Sondage au Cameroun : les réfugiés nigérians veulent rentrer chez eux
Durant l'enquête du HCR menée dans les camps de Minawao au Cameroun, les personnes interrogées ont exprimé leur inquiétude sur les conditions dans leurs villes et villages de retour.
YAOUNDÉ, Cameroun, 13 mai (HCR) - Plus des trois quarts (76 pour cent) des dizaines de milliers de réfugiés nigérians qui se trouvent au nord du Cameroun veulent rentrer chez eux car la situation sécuritaire s’améliore dans les régions du nord-est du Nigéria, annonce une enquête menée par le HCR, l'Agence des Nations Unies pour les réfugiés.
Toutefois, selon cette enquête menée en début de mois dans le camp de Minawao au Cameroun, les personnes voulant rentrer demeurent préoccupées par les conditions dans leurs villes et villages d'origine. Alors que 45 pour cent d'entre elles souhaitent rentrer immédiatement, 38 pour cent veulent attendre et voir comment évolue la situation sécuritaire.
Le HCR partage ces préoccupations et souligne que tous les retours doivent être volontaires. Par ailleurs, les personnes ne devraient pas être renvoyées dans des zones d'insécurité et de destruction à grande échelle où leur vie serait plus difficile et menacée. Parallèlement, le HCR exhorte les gouvernements à maintenir leurs portes ouvertes pour le retour des personnes ayant fui le conflit.
Le personnel du HCR a interviewé 7939 parmi les 56 783 réfugiés du camp de Minawao, soit 14 pour cent. On compte près de 65 000 réfugiés nigérians au Cameroun. Plus de la moitié étaient des femmes (54 pour cent), ce qui reflète la composition démographique du camp. Environ la moitié de la population réfugiée est âgée de 35 ans ou plus. Environ 44 pour cent ont expliqué avoir accès à l'information au sujet de leurs régions d'origine par téléphone, en discutant avec les nouveaux arrivants, la famille et les amis, via les médias et l'Internet.

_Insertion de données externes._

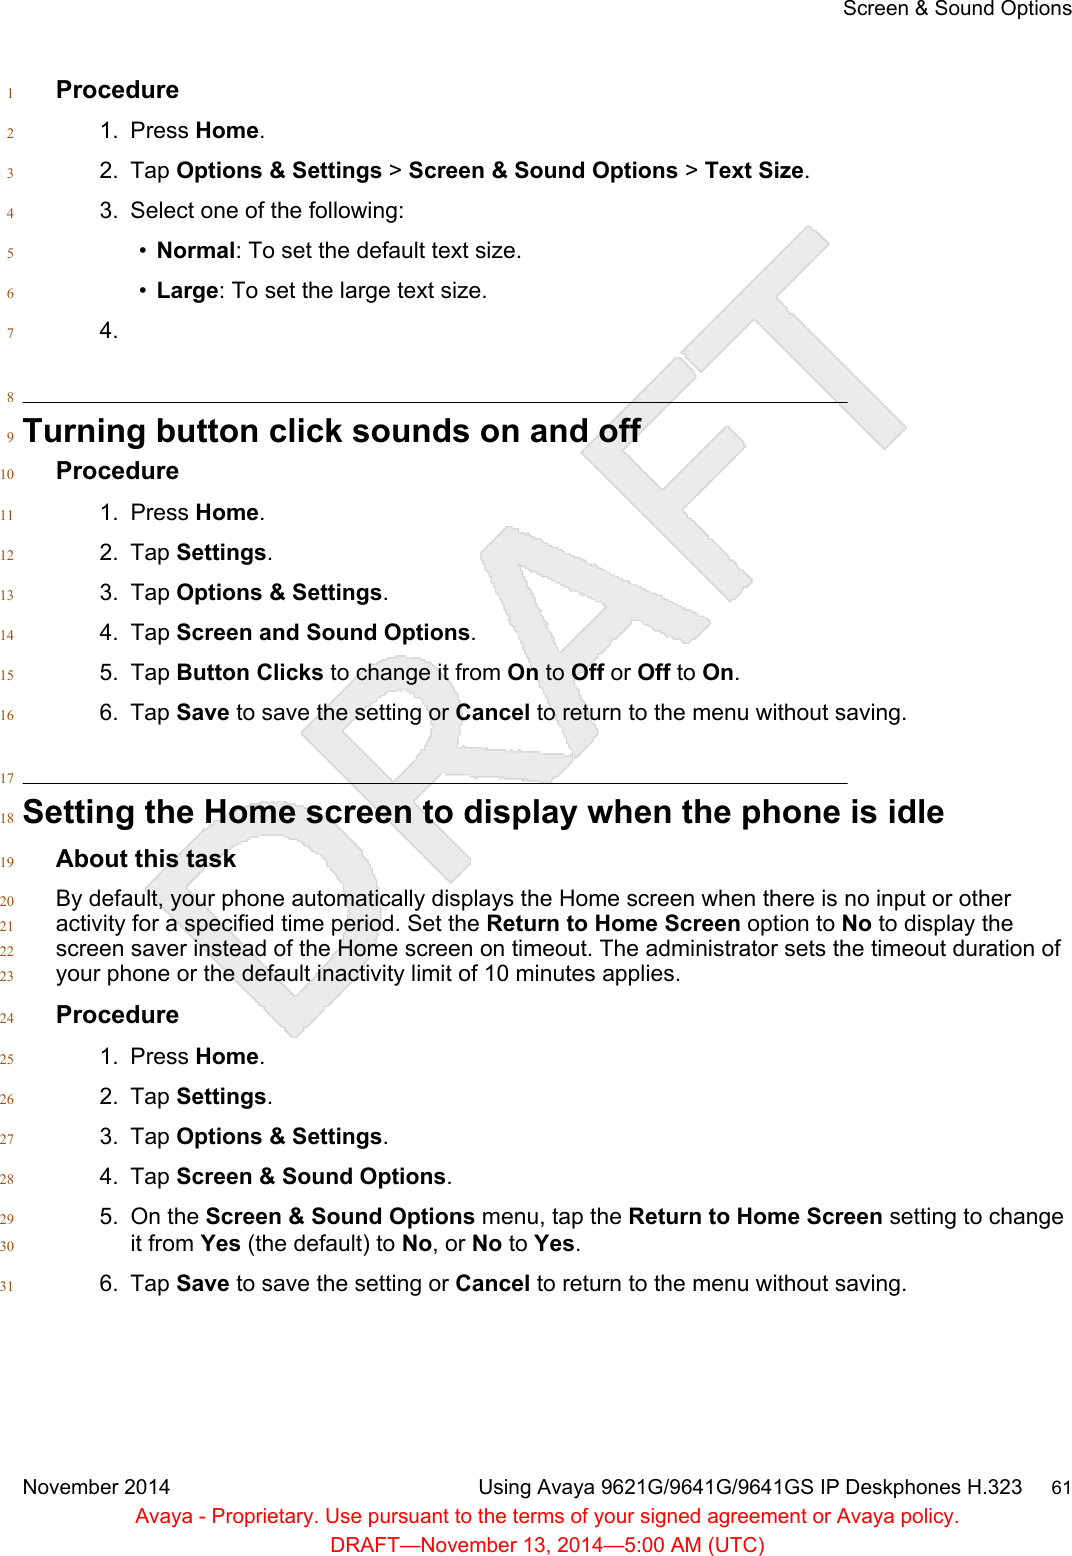 Procedure11. Press Home.22. Tap Options &amp; Settings &gt; Screen &amp; Sound Options &gt; Text Size.33. Select one of the following:4•Normal: To set the default text size.5•Large: To set the large text size.64.78Turning button click sounds on and off9Procedure101. Press Home.112. Tap Settings.123. Tap Options &amp; Settings.134. Tap Screen and Sound Options.145. Tap Button Clicks to change it from On to Off or Off to On.156. Tap Save to save the setting or Cancel to return to the menu without saving.1617Setting the Home screen to display when the phone is idle18About this task19By default, your phone automatically displays the Home screen when there is no input or other20activity for a specified time period. Set the Return to Home Screen option to No to display the21screen saver instead of the Home screen on timeout. The administrator sets the timeout duration of22your phone or the default inactivity limit of 10 minutes applies.23Procedure241. Press Home.252. Tap Settings.263. Tap Options &amp; Settings.274. Tap Screen &amp; Sound Options.285. On the Screen &amp; Sound Options menu, tap the Return to Home Screen setting to change29it from Yes (the default) to No, or No to Yes.306. Tap Save to save the setting or Cancel to return to the menu without saving.31Screen &amp; Sound OptionsNovember 2014 Using Avaya 9621G/9641G/9641GS IP Deskphones H.323     61Avaya - Proprietary. Use pursuant to the terms of your signed agreement or Avaya policy.DRAFT—November 13, 2014—5:00 AM (UTC)

Les personnes qui souhaitent rentrer ont cité des préoccupations au sujet des conditions de vie, la fourniture de services essentiels et des dommages aux habitations et aux infrastructures, y compris les écoles et les centres de santé. Lucas est arrivé à Minawao en août 2014, après avoir fui Gwoza dans l'Etat de Borno au Nigéria. Il a expliqué qu'il rêve de retrouver des proches au Nigéria.
Selon lui, la plupart des réfugiés partagent ce désir, mais il a ajouté : « Nos villages ont été totalement détruits et la situation de sécurité demeure incertaine. Nous avons perdu tous nos biens et, si nous devons revenir, nous aurons besoin de soutien de la part de notre gouvernement pour recommencer une nouvelle vie. »

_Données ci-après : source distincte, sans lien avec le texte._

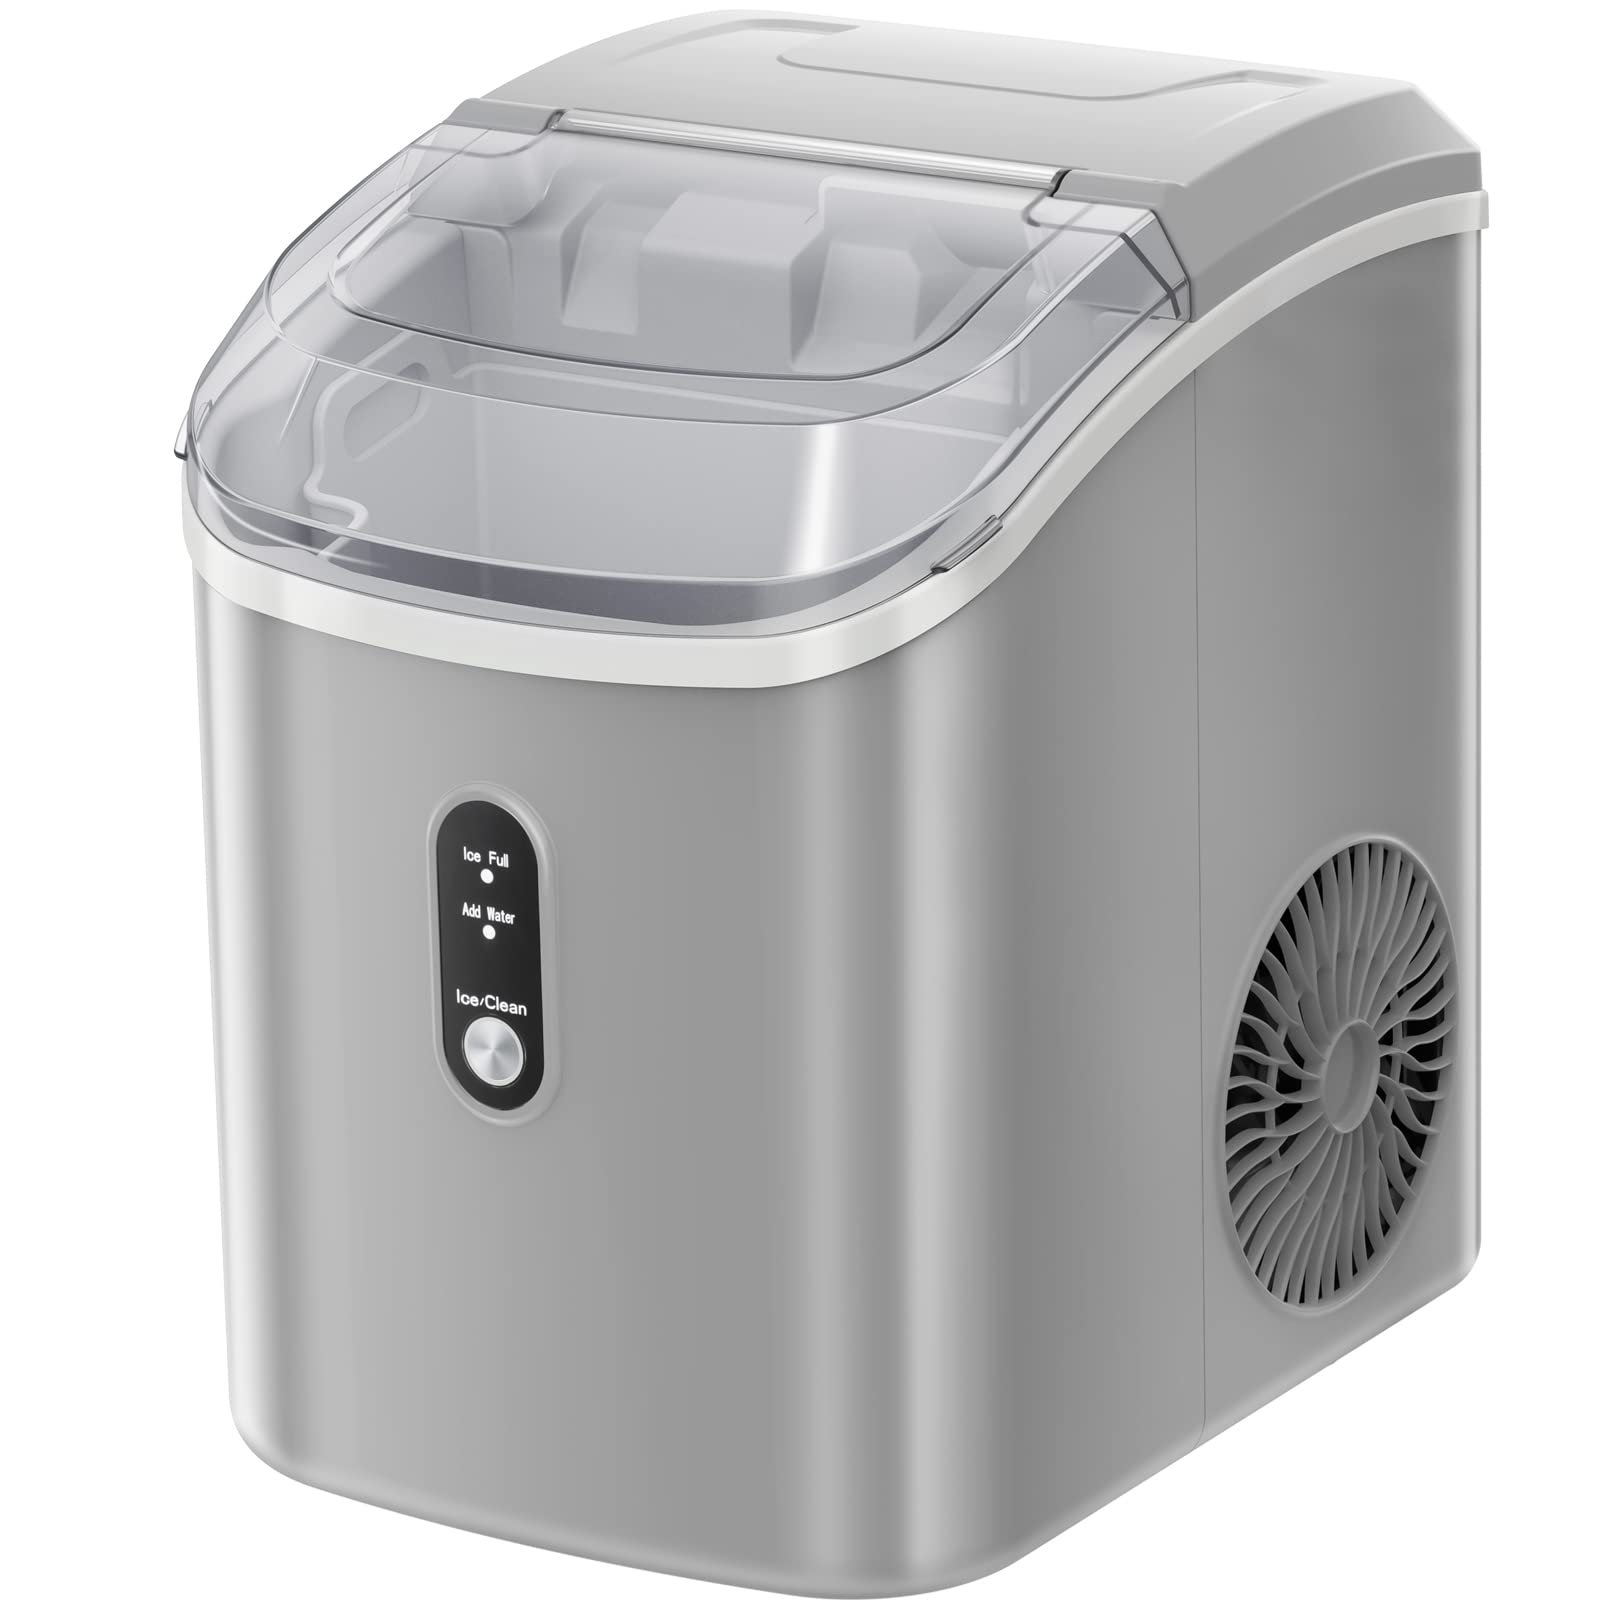  COWSAR Nugget Ice Maker Countertop, Chewable Pebble Ice  34Lbs Per Day, Crunchy Pellet Ice Cubes Maker Machine

Lui et d'autres a appelé à des programmes de reconstruction, les programmes d'aide, des projets de subsistance et le déploiement des forces armées pour assurer la sécurité. Parmi ceux qui ne veulent revenir, 59 pour cent ont dit qu'ils avaient pas de ressources financières, tandis que 8 pour cent ont dit qu'ils avaient rien à retourner.
Le Président du Nigéria, Muhammadou Buhari, et le Président du Cameroun, Paul Biya, se sont réunis la semaine dernière à Abouja pour discuter du retour des réfugiés nigérians selon un accord tripartite avec le HCR. Ils ont convenu que celui-ci devrait être convenu pour juillet et visera à établir un cadre pour le retour des réfugiés.
Les retours depuis le Cameroun ont été une question sensible dans le passé, car le HCR ne pouvait pas accéder à plus de 20 000 personnes renvoyées au Nigéria depuis 2015 depuis la région militarisée du lac Tchad, afin d’assurer qu'elles rentraient volontairement.
Selon le HCR, les retours doivent être volontaires et les deux gouvernements devraient tenir compte des préoccupations des réfugiés et des personnes déplacées internes. Le HCR demeure prêt à travailler en étroite collaboration avec les deux pays afin de garantir les droits des réfugiés pour un retour volontaire dans la sécurité et la dignité ainsi qu’accélérer les programmes de réinsertion.
Durant l'année écoulée, les gouvernements du Nigéria et du Cameroun ont repoussé les insurgés de Boko Haram dans le nord-est du Nigéria et le nord du Cameroun, apportant une plus grande sécurité dans certaines régions. Toutefois l'insurrection demeure une menace majeure pour la paix dans la région.
Le conflit a déjà contraint plus de 200 000 personnes à fuir au Cameroun, au Tchad et au Niger suite à des attaques menées contre leurs villages dans les Etats de Borno, Adamawa et Yobe au Nigéria. Depuis 2014, le conflit s’est propagé au Cameroun, où quelque 170 000 Camerounais sont devenus des déplacés internes dans le nord de ce pays.